Meanwhile, growing optimism that a partial trade deal between China and the United States would be concluded soon has also boosted sentiment in global markets. Reports on Wednesday suggested that US negotiators expected a phase one trade deal to be signed before December 15.
But market participants seemed reluctant to overreact to trade-related news, keeping gains across the SHFE base metals muted this morning.
Nickel outperformed its peers on the SHFE in the morning trading session; the alloying metal’s most-traded February contract rose to 105,760 yuan ($15,006) per tonne as at 10.23am Shanghai time, up by 1,820 yuan per tonne – or 1.8% – from the previous day’s close of 103,940 yuan per tonne.
The rebound in nickel comes after a week of declines and the most-traded February contract remains well below its close of 109,330 yuan on November 29.
Gains across the rest of the complex were more marginal: January copper was up by 90 yuan per tonne – or 0.2% – at 47,380 yuan per tonne while January zinc and lead were both up by 0.1% at 18,015 yuan per tonne and 15,080 yuan per tonne respectively.
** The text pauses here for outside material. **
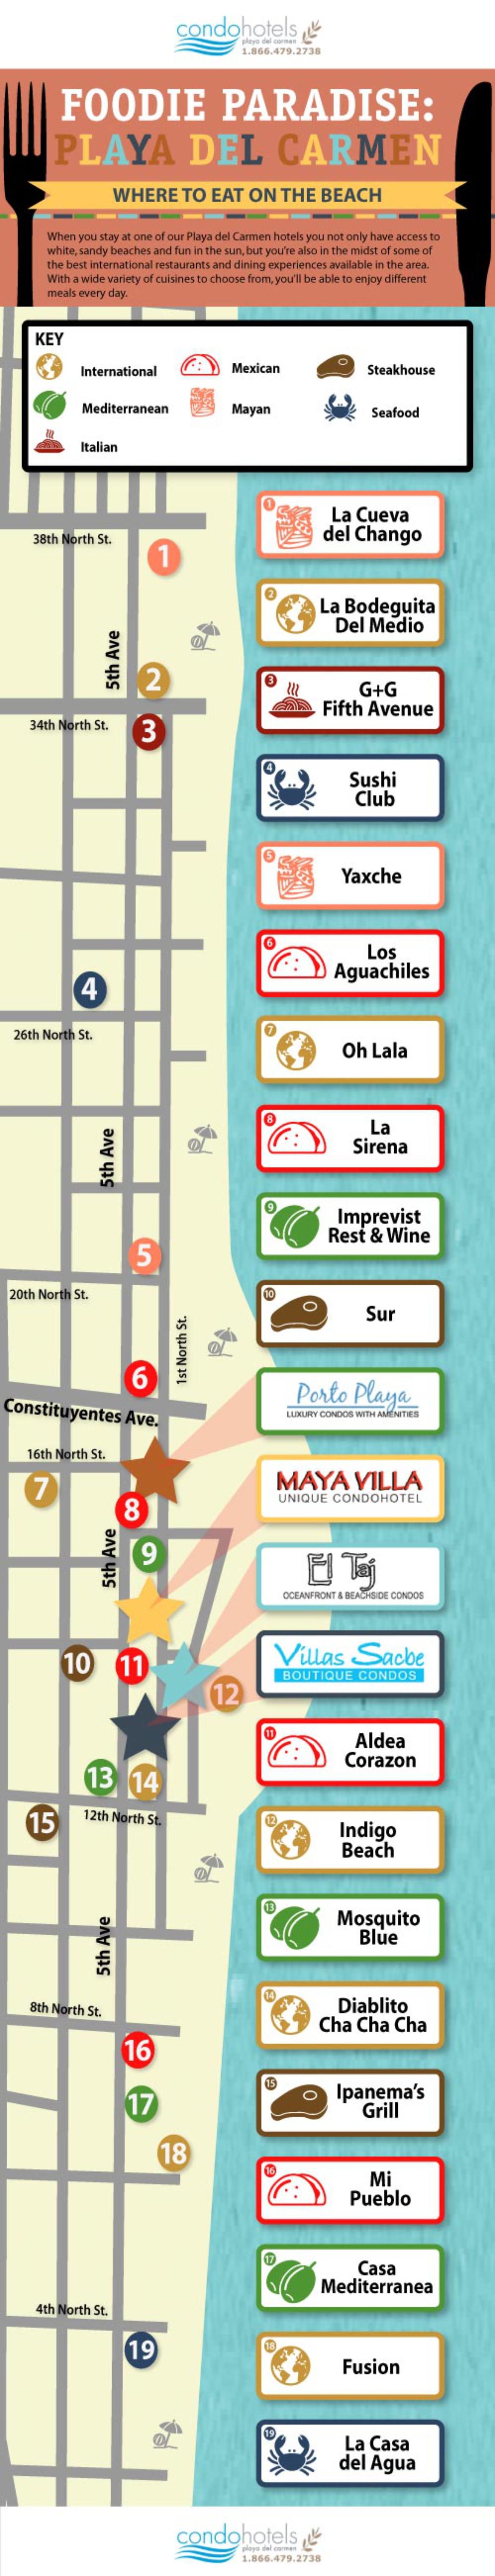 restaurants-in-playa-del-carmen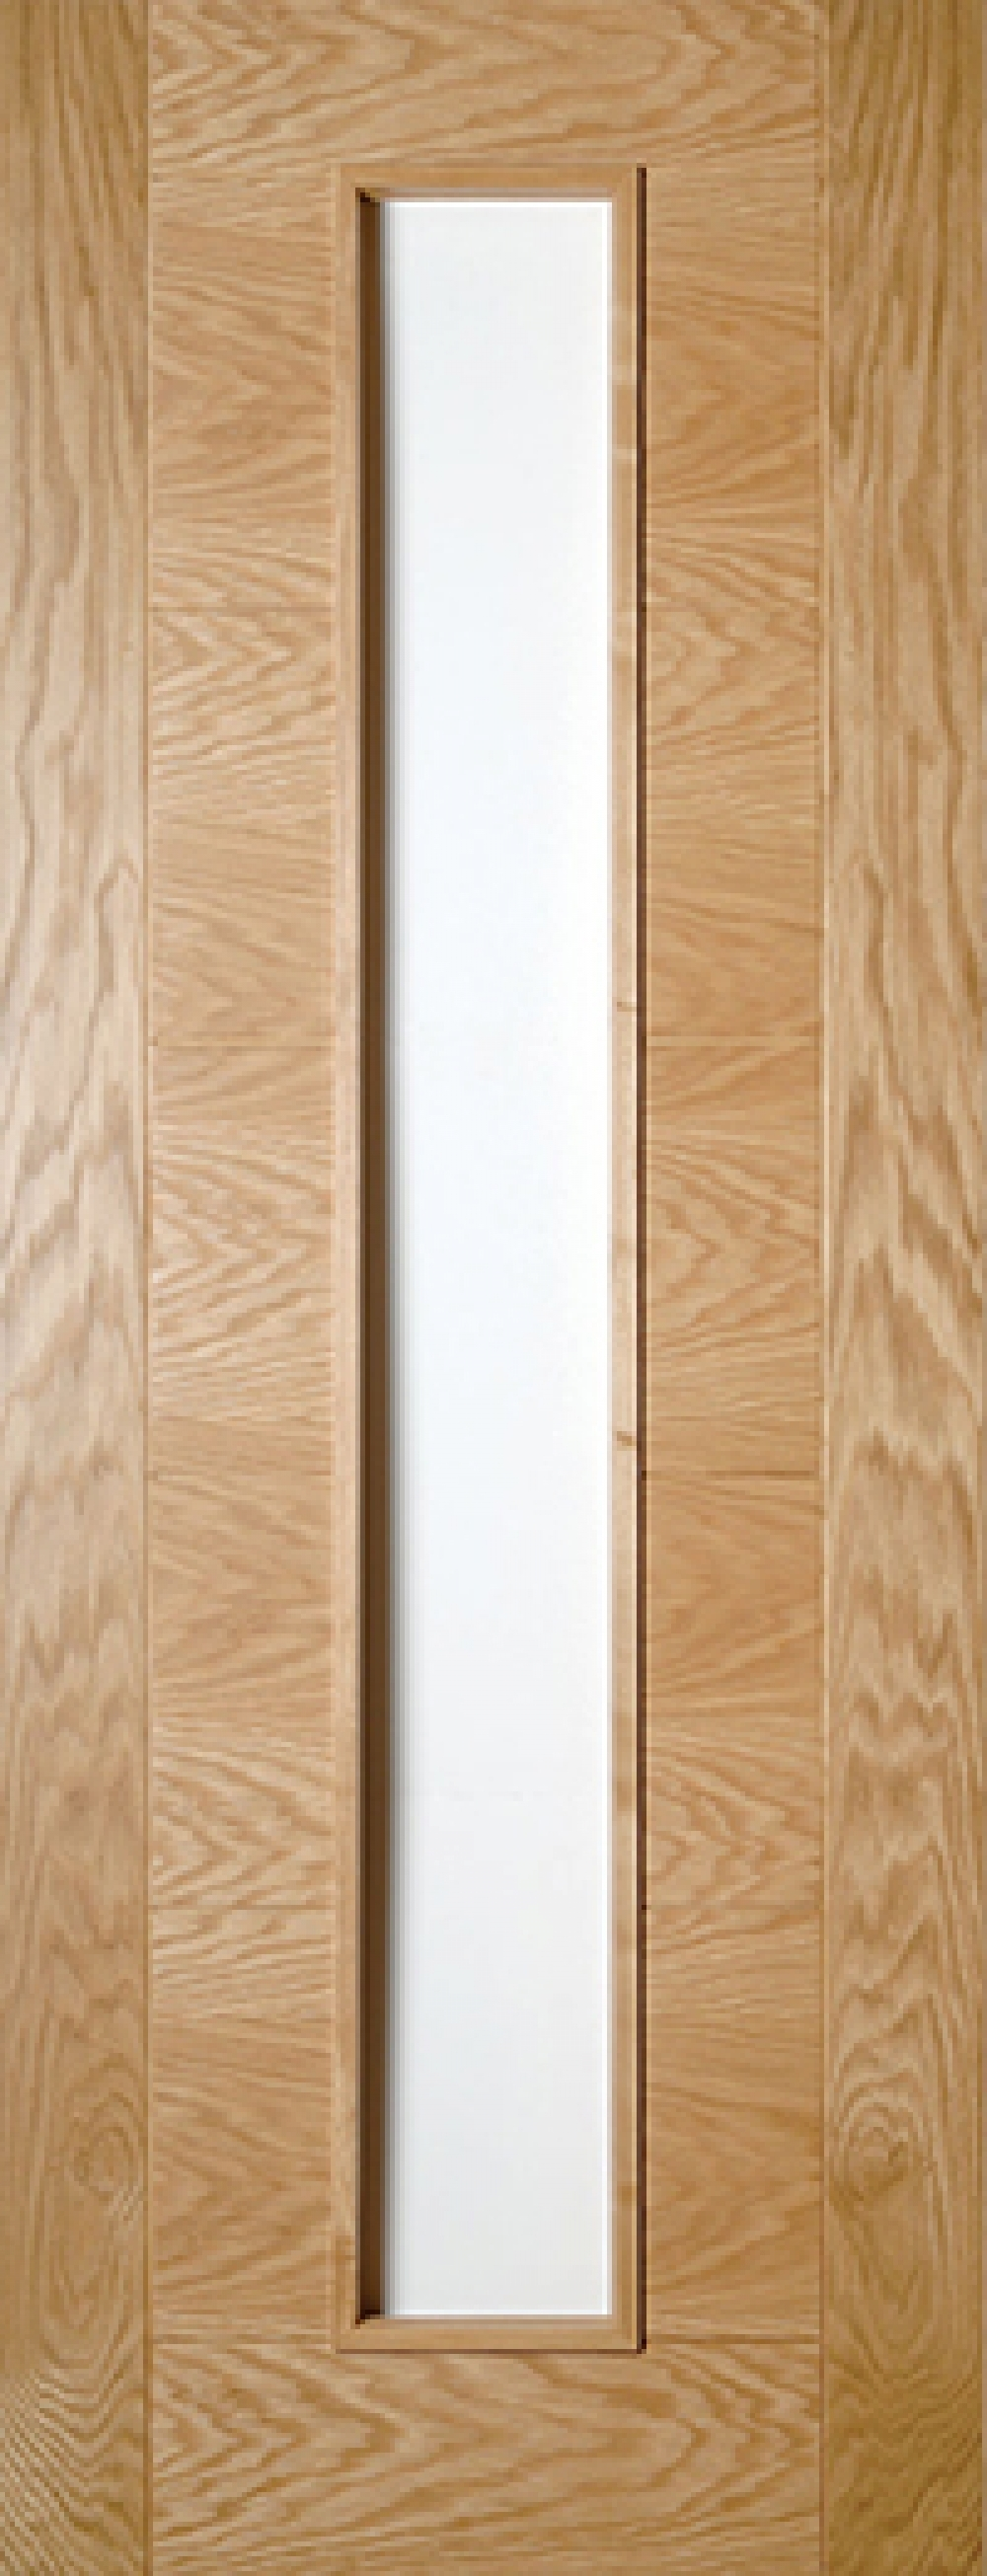 Seville Oak Door Unglazed - Prefinished

January tin dipped by 0.1% to 138,950 yuan per tonne while February aluminium was the worst performer with a 0.5% drop to 13,760 yuan per tonne, with the latter overshadowed by a weak market conditions which has seen short sellers emerge.
“The aluminium market has been negatively impacted by China’s weak economy this year and demand [for the light metal] has been really weak. It is reasonable for investors to sell now because the price may continue to fall later on,” a trader source told Fastmarkets this morning.